> Supplied data
__________________________________________________
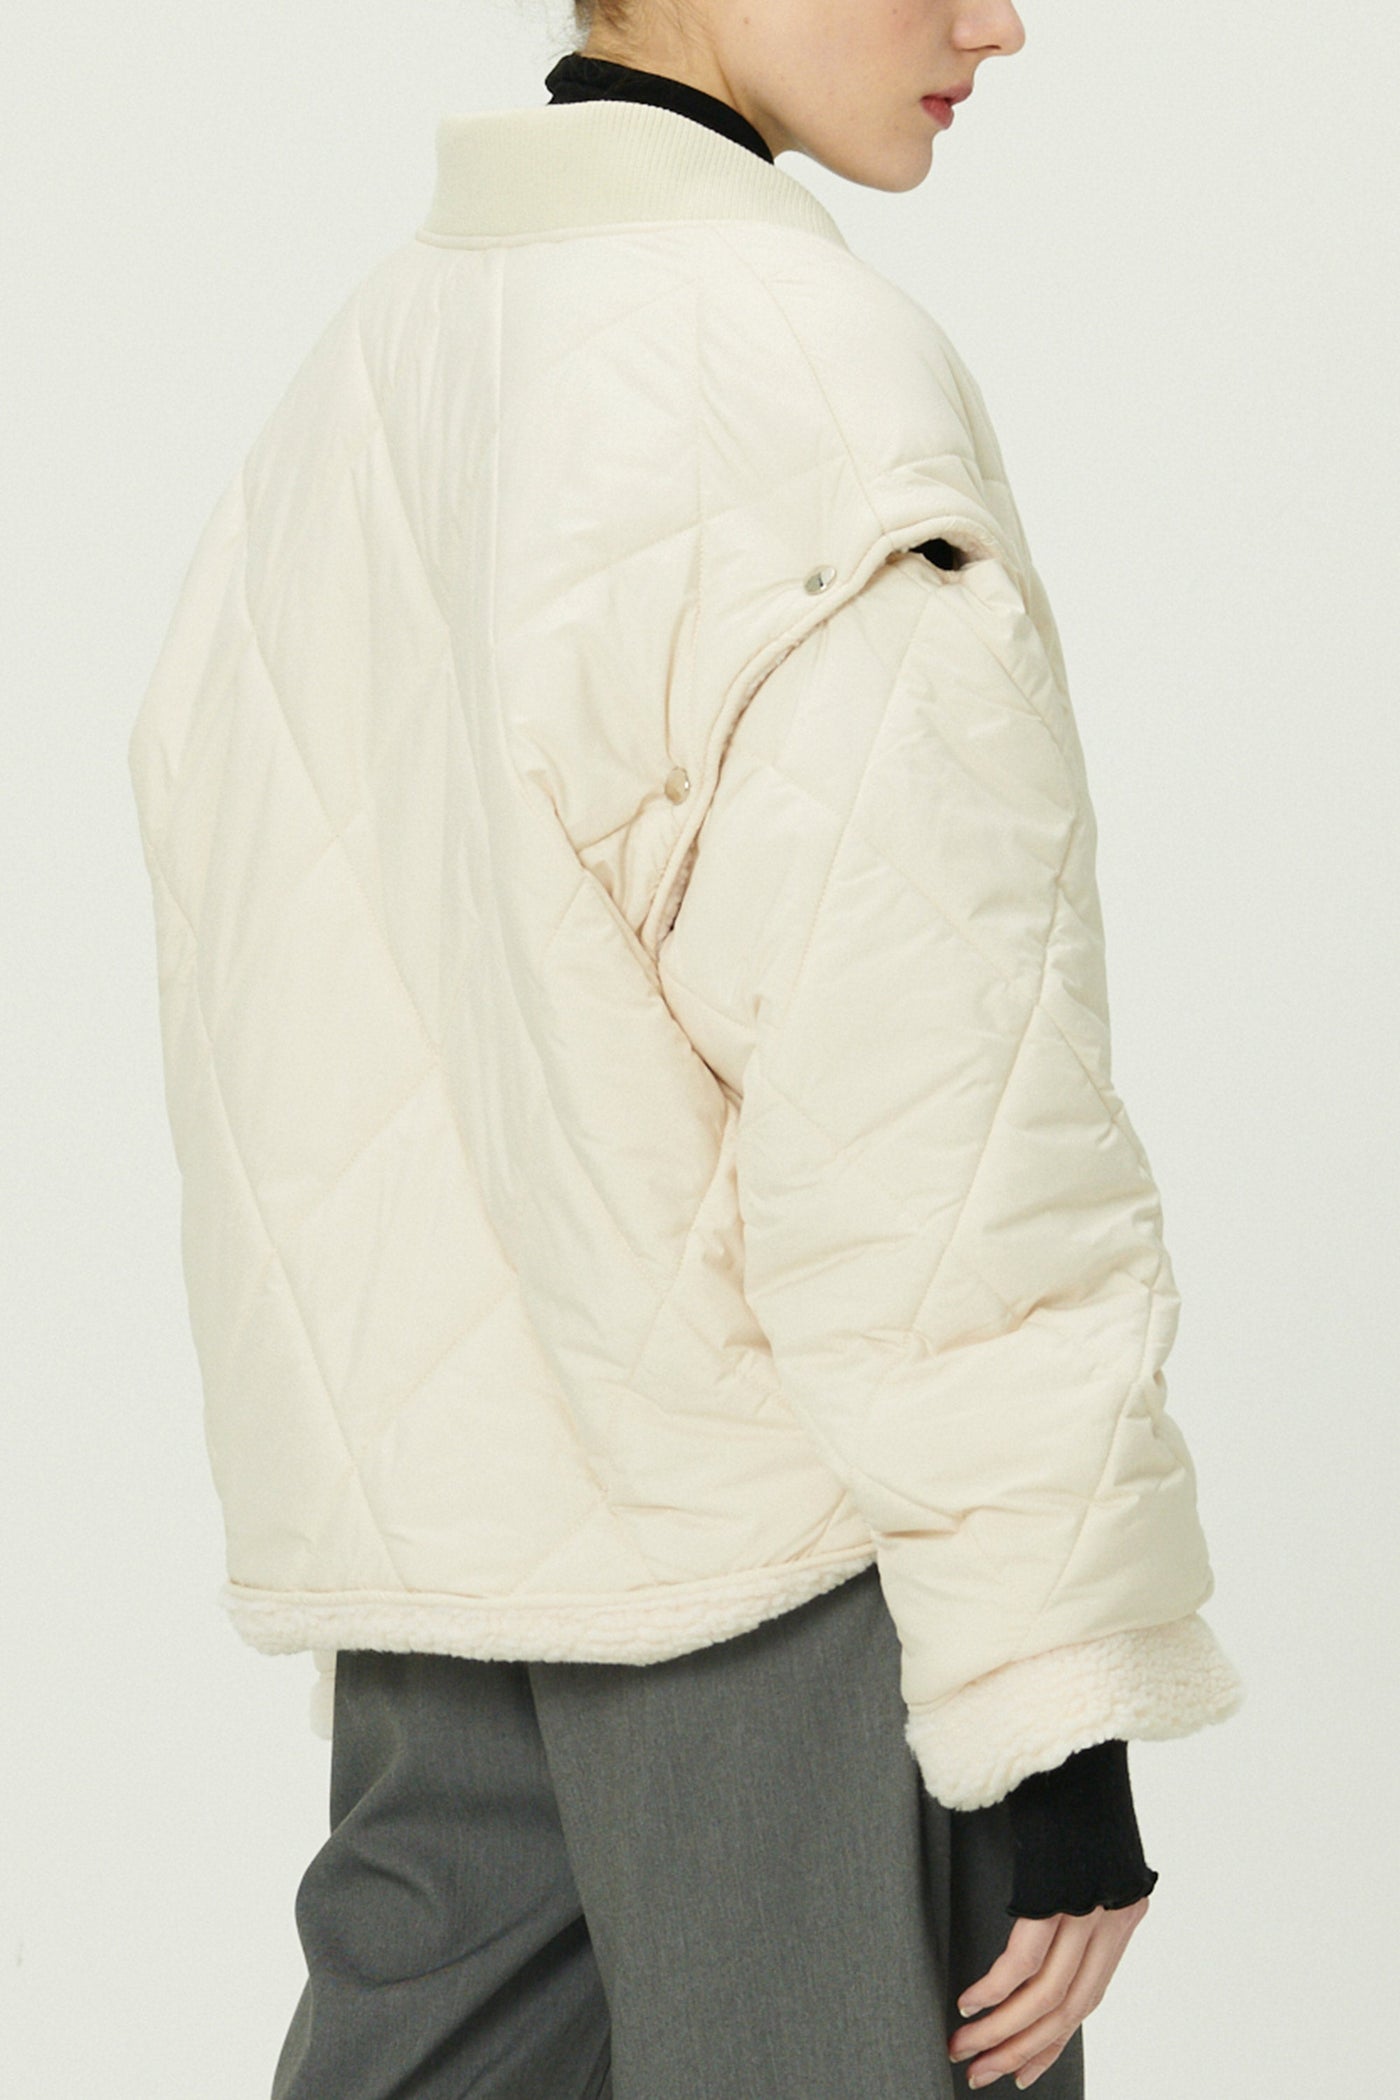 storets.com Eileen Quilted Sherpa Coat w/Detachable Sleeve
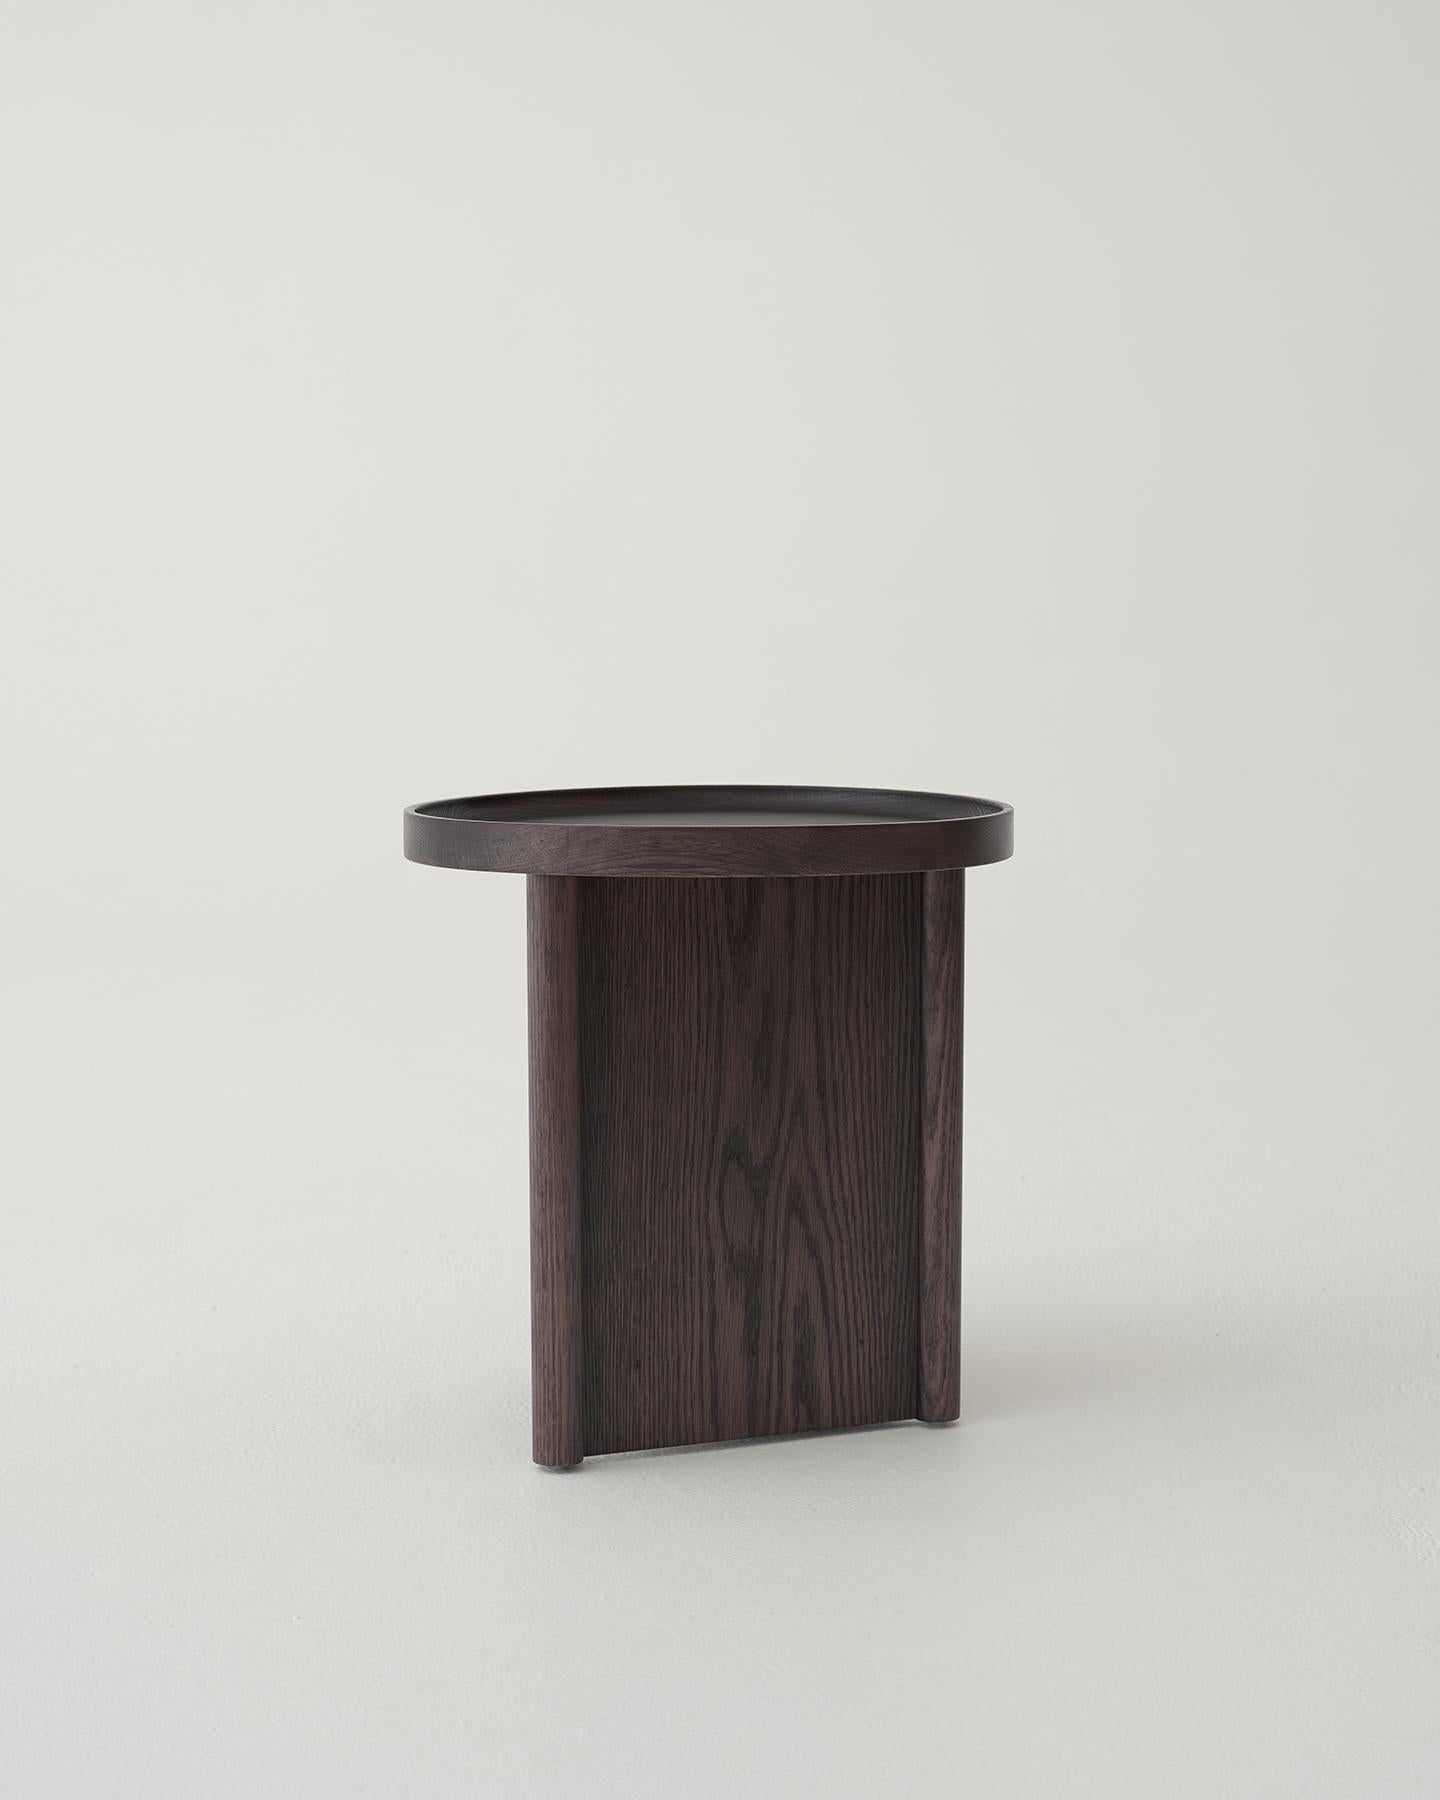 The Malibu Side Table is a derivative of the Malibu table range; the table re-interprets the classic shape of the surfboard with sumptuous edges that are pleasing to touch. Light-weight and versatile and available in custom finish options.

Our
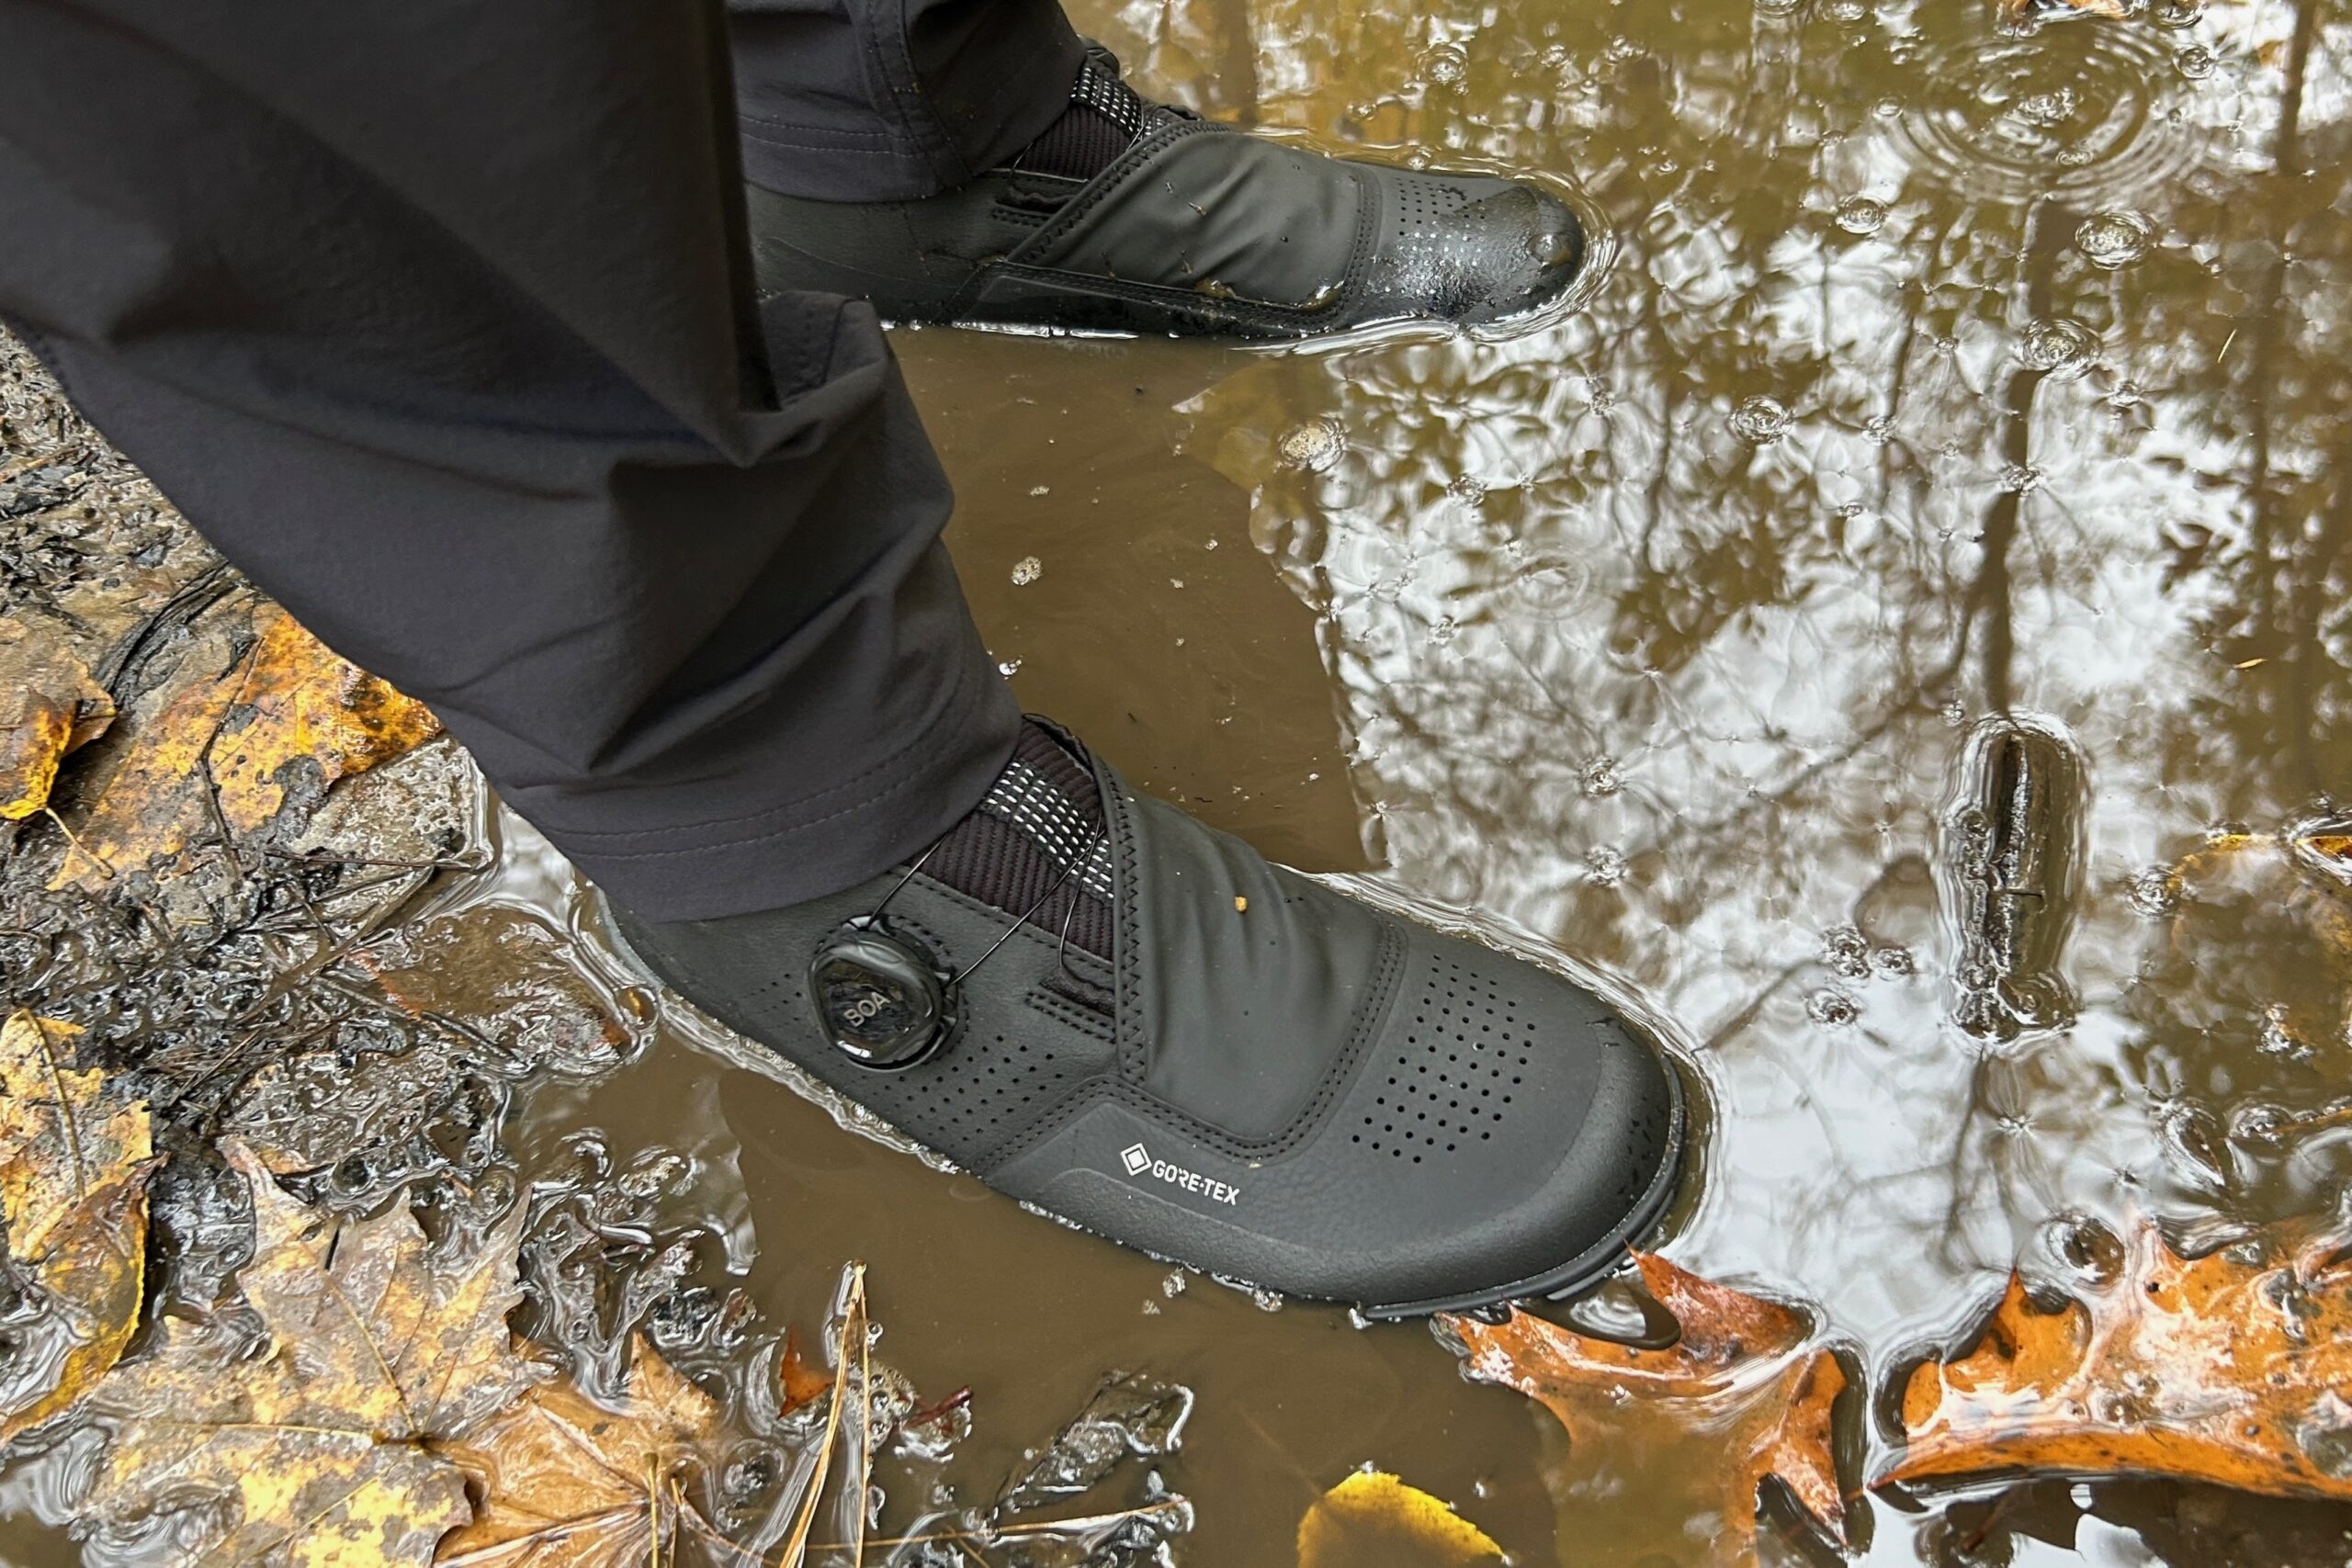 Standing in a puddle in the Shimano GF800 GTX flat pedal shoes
__________________________________________________
> Exercise aim
Reproduce the full listing above verbatim, with no pictures included.

> Your solution
 storets.com Eileen Quilted Sherpa Coat w/Detachable Sleeve
 The Malibu Side Table is a derivative of the Malibu table range; the table re-interprets the classic shape of the surfboard with sumptuous edges that are pleasing to touch. Light-weight and versatile and available in custom finish options.

Our
 Standing in a puddle in the Shimano GF800 GTX flat pedal shoes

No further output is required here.